Yūki-tsumugi (結城紬) is a variety of silk cloth produced in Japan, chiefly in Yūki in Ibaraki Prefecture. It is designated as one of the Important Intangible Cultural Properties of Japan, and has also been inscribed on the UNESCO Representative List of the Intangible Cultural Heritage of Humanity.

==History==
The traditional history of yūki-tsumugi traces its origin to a crafthouse known as Nagahatabeno Ashiginu during the reign of the legendary Emperor Sujin. Knowledge of the method of silk production, developed by its founder, Ooyanomikoto, was said to have immediately spread out to the Yūki district and beyond.

Another account identified the Muromachi period (14th–16th century) as the period when yūki-tsumugi was developed.
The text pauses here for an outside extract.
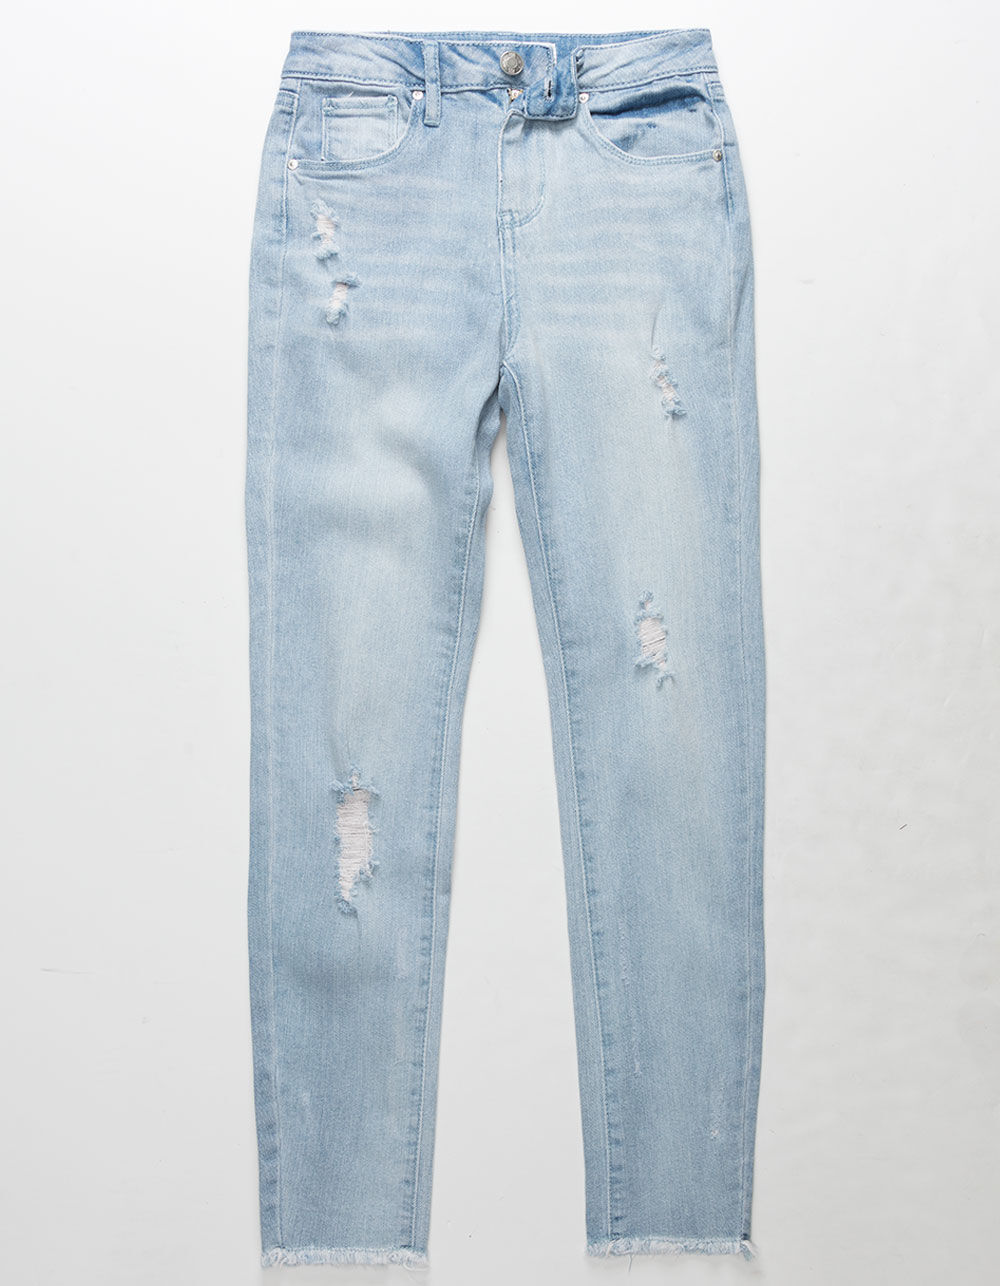 RSQ Cali High Rise Crop Girls Ripped Skinny Jeans - LIGHT WASH | Tillys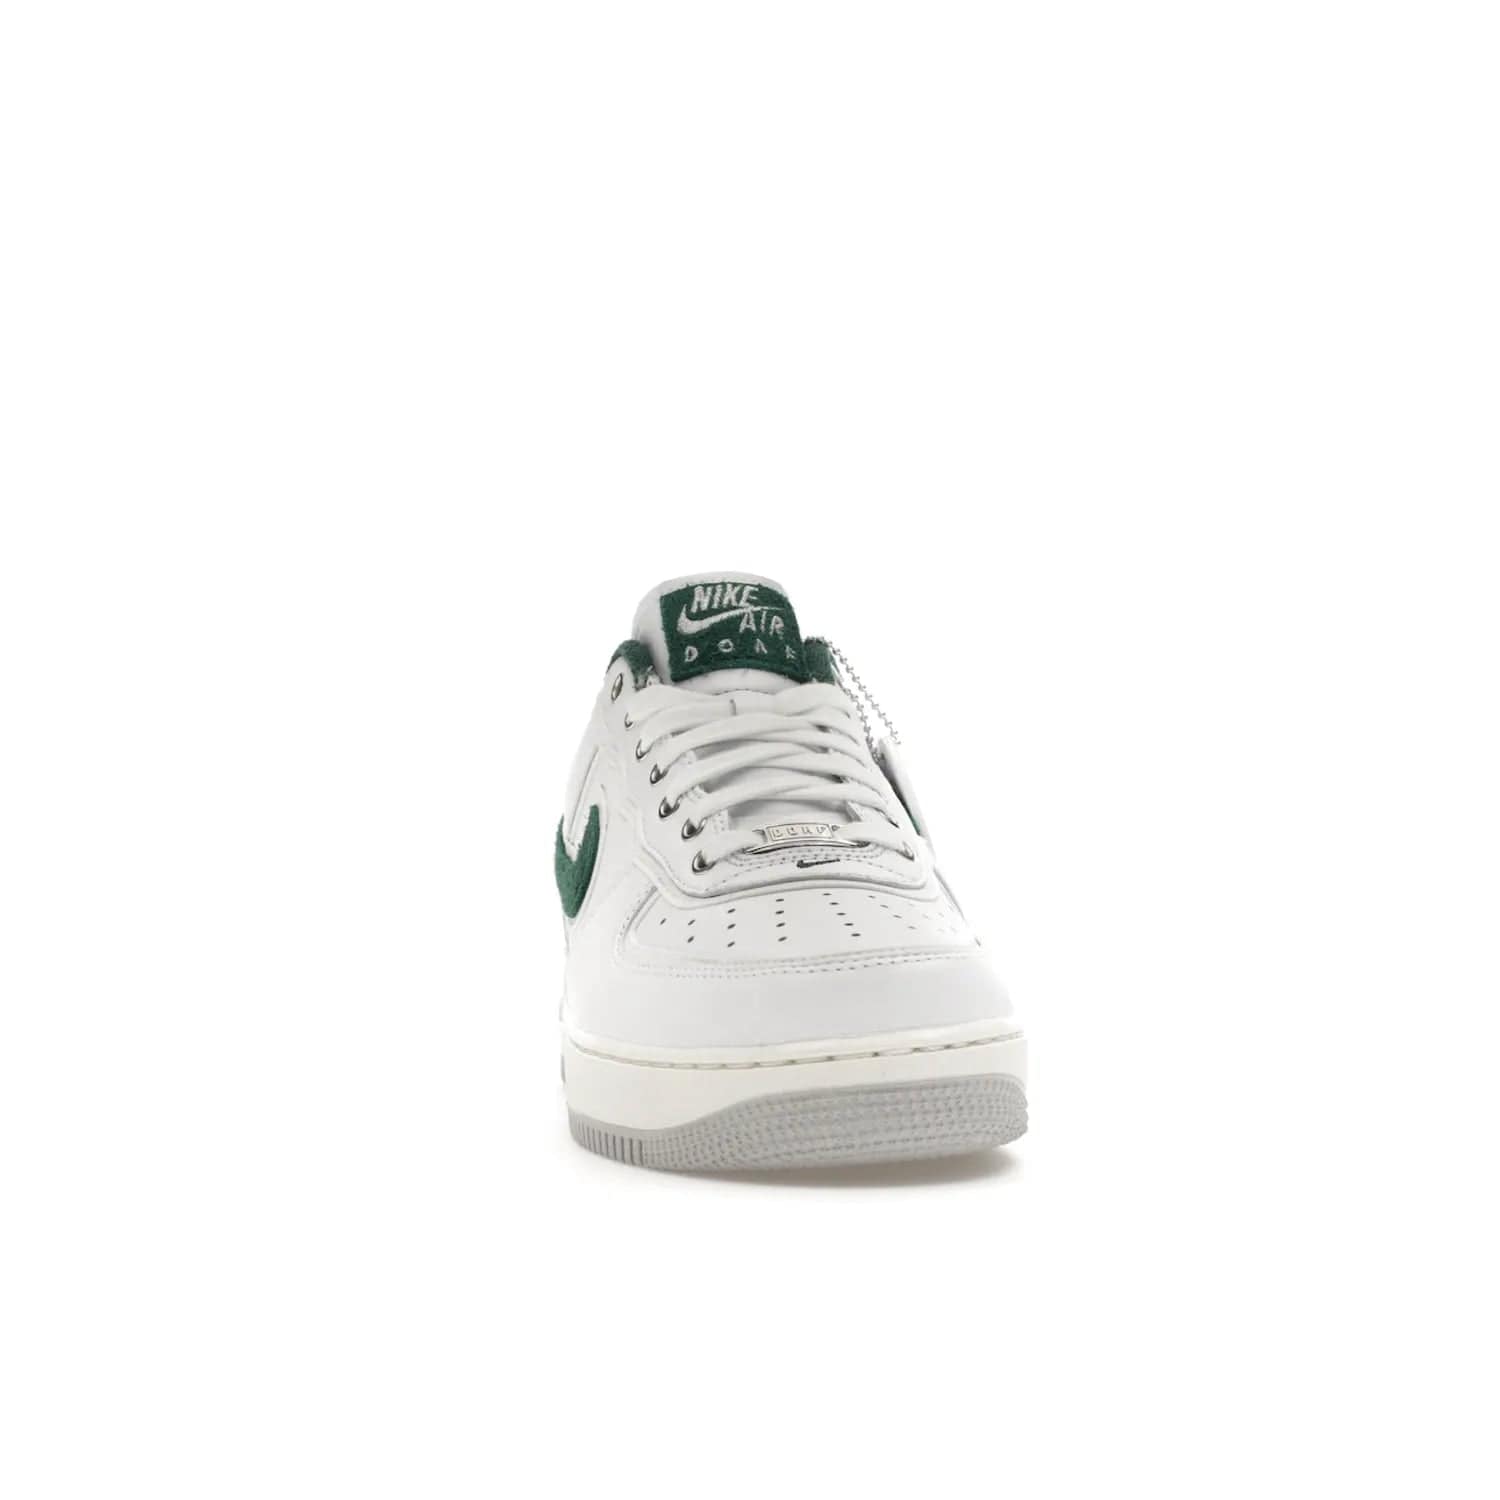 Nike Air Force 1 Low '07 Premium University of Oregon PE - Image 9 - Only at www.BallersClubKickz.com - The Nike Air Force 1 Low '07 Premium. Special Oregon University colorway. White base with green and sail accents. Cushioned rubber midsole. Comfort and style. Support your school!

It is said that the feudal lord of a farmer family in the Hitachi Province sent tsumugi fabric to a governor called Kamakura Kanryo every year as a gift.

Developing from earlier silk techniques, the name "yūki-tsumugi" was adopted in 1602. Weavers were invited from Ueda Castle and the cloth, at first plain, was used as a gift for the shōgun.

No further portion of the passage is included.